OC Register Survey -My Answers

The Orange County Register circulated a five-question survey to all candidates running for city council in Orange County and requested answers of 150 words or less by September 6.

Click the questions below to see the answers I provided.

1. How can the city best meet the demand and mandates for more housing, including at lower prices, while also preserving the quality of life for existing neighborhoods and residents?

While Newport Beach has a definite need for affordable senior and workforce housing, the free market has no reason to produce low-priced units in a high-price market.

That makes meeting our state’s goal to add the same fraction of low-cost housing everywhere especially challenging in the most desirable areas to live, such as Newport Beach.

So if making low-cost housing available everywhere is truly a societal goal, some form of government intervention is required.

Two possibilities are incentives to builders or subsidies to buyers/renters.

Of those, I would prefer rent subsidies, since builder incentives typically add large amounts and forms of development that would not otherwise be allowed.

But the subsidies should come from the state legislators for whom having the same priced housing everywhere is a goal, not from the cities on whom it is imposed.

2. What can the city do better to fund and address aging roads and water and sewer systems and prepare for future infrastructure needs?

In Newport Beach, as, I believe in every part of Orange County, water and sewer services are supported by enterprise funds (not all of which are city-operated) in which the costs are passed on to the users through the Proposition 218 process. So funding is, in a sense, automatic, but ratepayers have to trust their elected officials are not allowing unreasonable costs to be asked of them.

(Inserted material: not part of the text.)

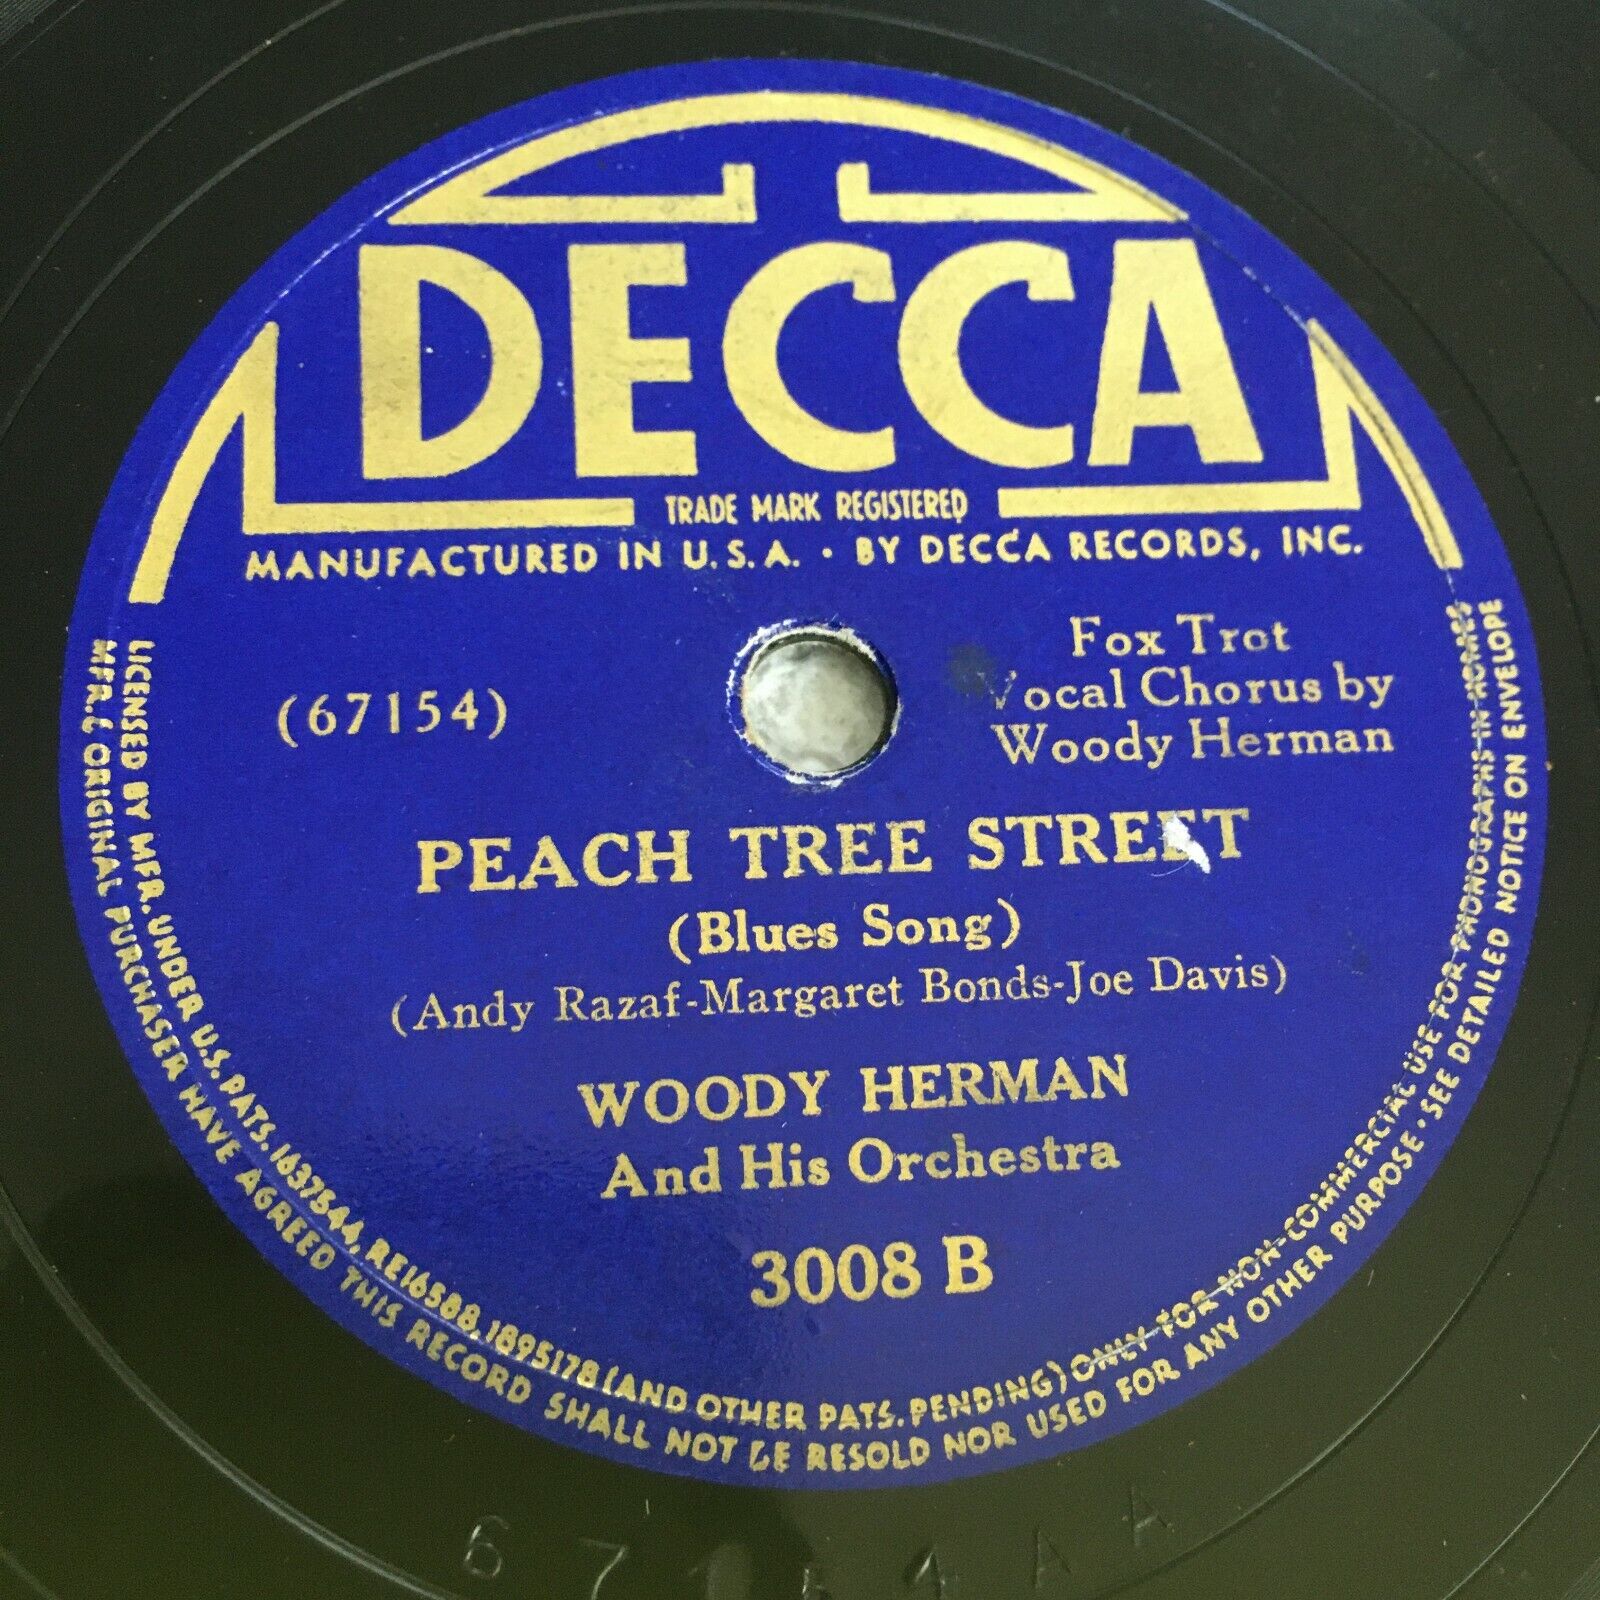 WOODY HERMAN Give A Little Whistle DISNEY Pinocco /Peach Tree DECCA 3008 78 RPM 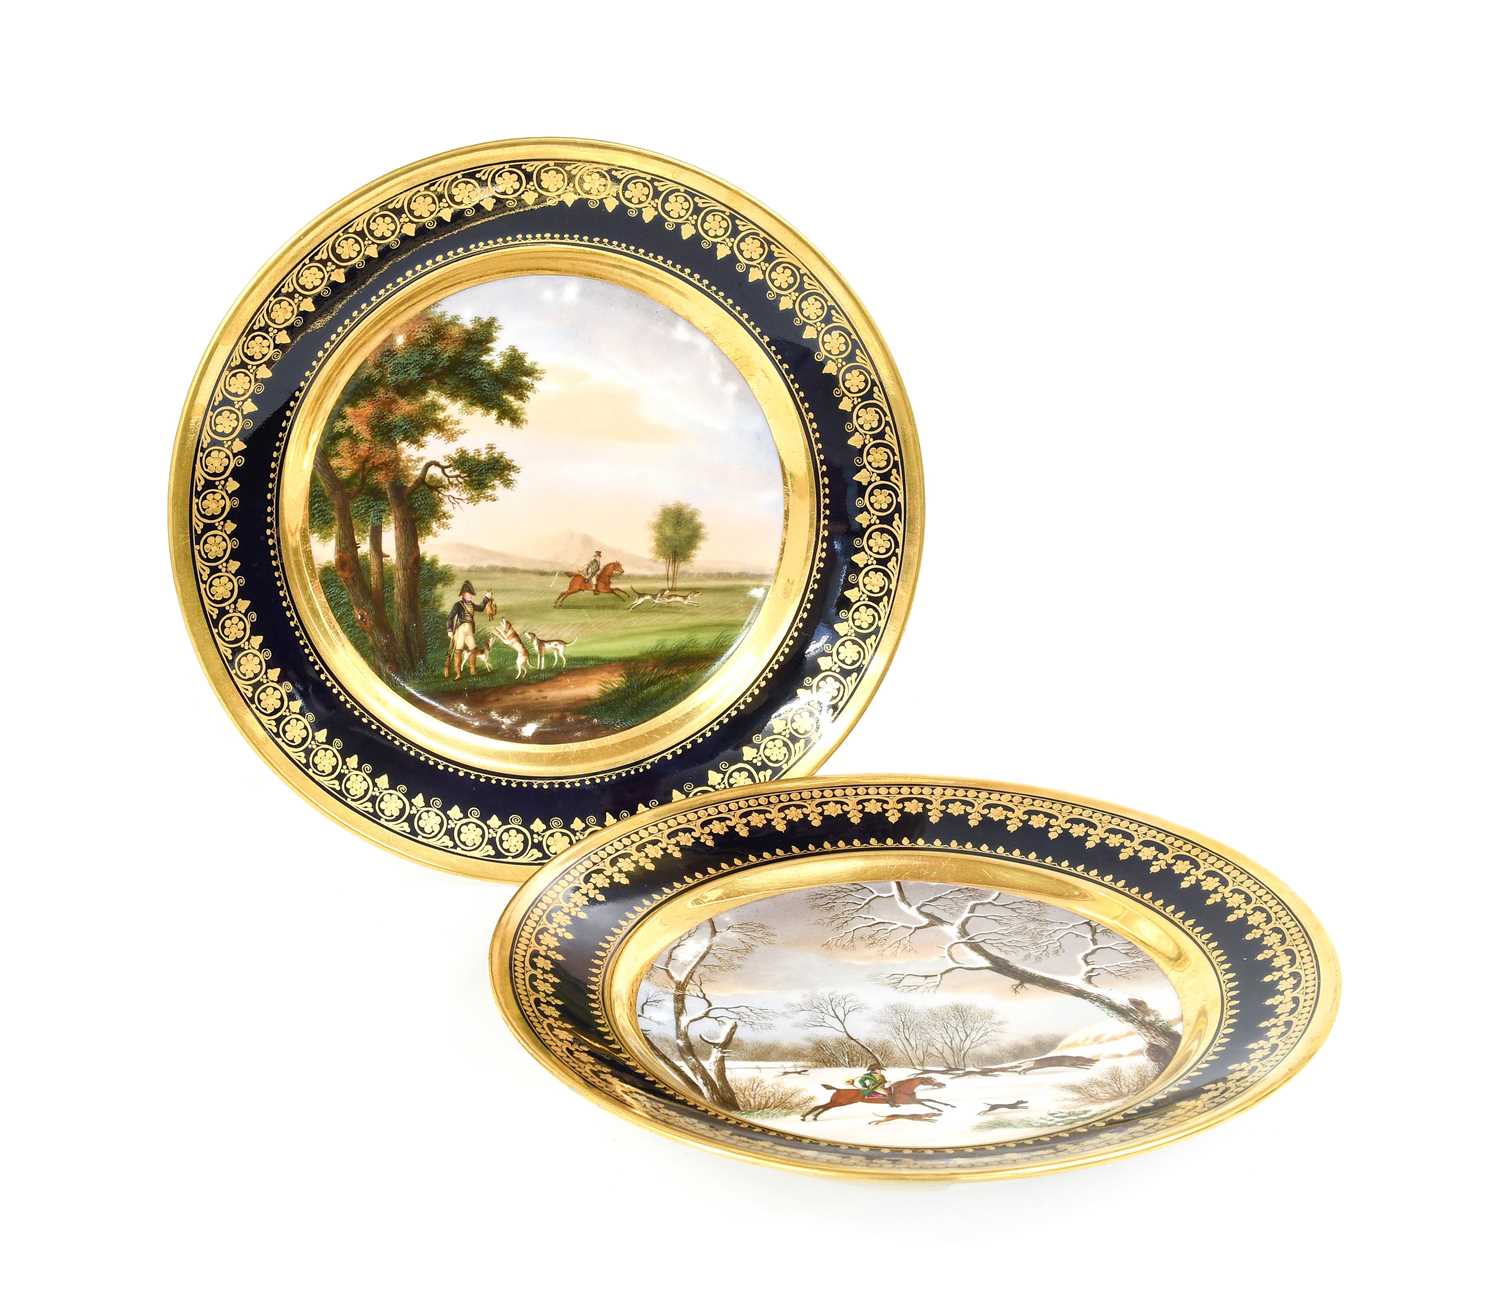 Two Darte Porcelain Plates, circa 1810, with gros bleu and tooled gilt borders framing painted

Preparing for future infrastructure needs is mostly a matter of the professional staff at the responsible agencies preparing a thoughtful master plans, with the elected officials who oversee the agency making sure that is happening.

The need for master plans applies to aging and future-needed roads, as well. But here, elected officials additionally need to ensure the city's general fund obligations are being supplemented to the maximum extent possible by state and federal grants and developer and visitor impact fees.

3. How should the city balance paying off debts, such as pension liabilities, and building reserves all while meeting residents’ needs? Should a solution involve finding new revenue, trimming the budget, or something else entirely?

Newport Beach is blessed to have a large, stable and ever-growing property tax revenue base which has allowed the City to maintain quite healthy financial reserves while providing the expected services and working to pay down the unfunded debt liability that has accrued from the unsustainably generous employee pension offerings of the past.

Things can change, but I don’t see any immediate need to modify an approach that has been working well.

4. In your opinion, what is the biggest need your city faces, and how would you address it?

Newport Beach’s biggest immediate need is to satisfy the state it has implemented their large Regional Housing Needs Assessment allocation without losing our citizens’ right to continue to vote on future development increases via our 22-year-old “Greenlight” Charter provision. That may require having the political fortitude to forgo a vote on the RHNA-fulfilling plan.

But issues change, and the biggest ongoing need is for government that welcomes those who wish to participate and reaches out to those who don’t.

I would address that need by trying to convince my colleagues that in the 13 years I’ve been watching, Newport Beach has regressed rather than progressed in those areas, and needs to take corrective action. That would include such things as resuming resident surveys, moving council meetings back to an evening hour and increasing public comment time limits.

5. Why would you make a good leader, and how would you represent the diverse communities of your city?

Whatever they may promise voters, it is unrealistic to expect any candidate to single-handedly solve a city’s issues. For if elected, they will not be its leader, but just one vote on a body that governs by collective action.

As the public’s elected watchdogs over the professional staff that runs the city day-to-day , good leadership skills are needed primarily to steer the other council members in what a candidate believes is the direction best serving the diverse interests of the city’s residents.

To discover that direction I would listen with openness to everyone, not just those who share my personal views.

I believe it is equally important to question whether city staff, in preparing the proposals that come before the council, has properly weighed those community interests and suggested policies that best address them. I would do my best to ensure every possible deficiency gets a full public airing.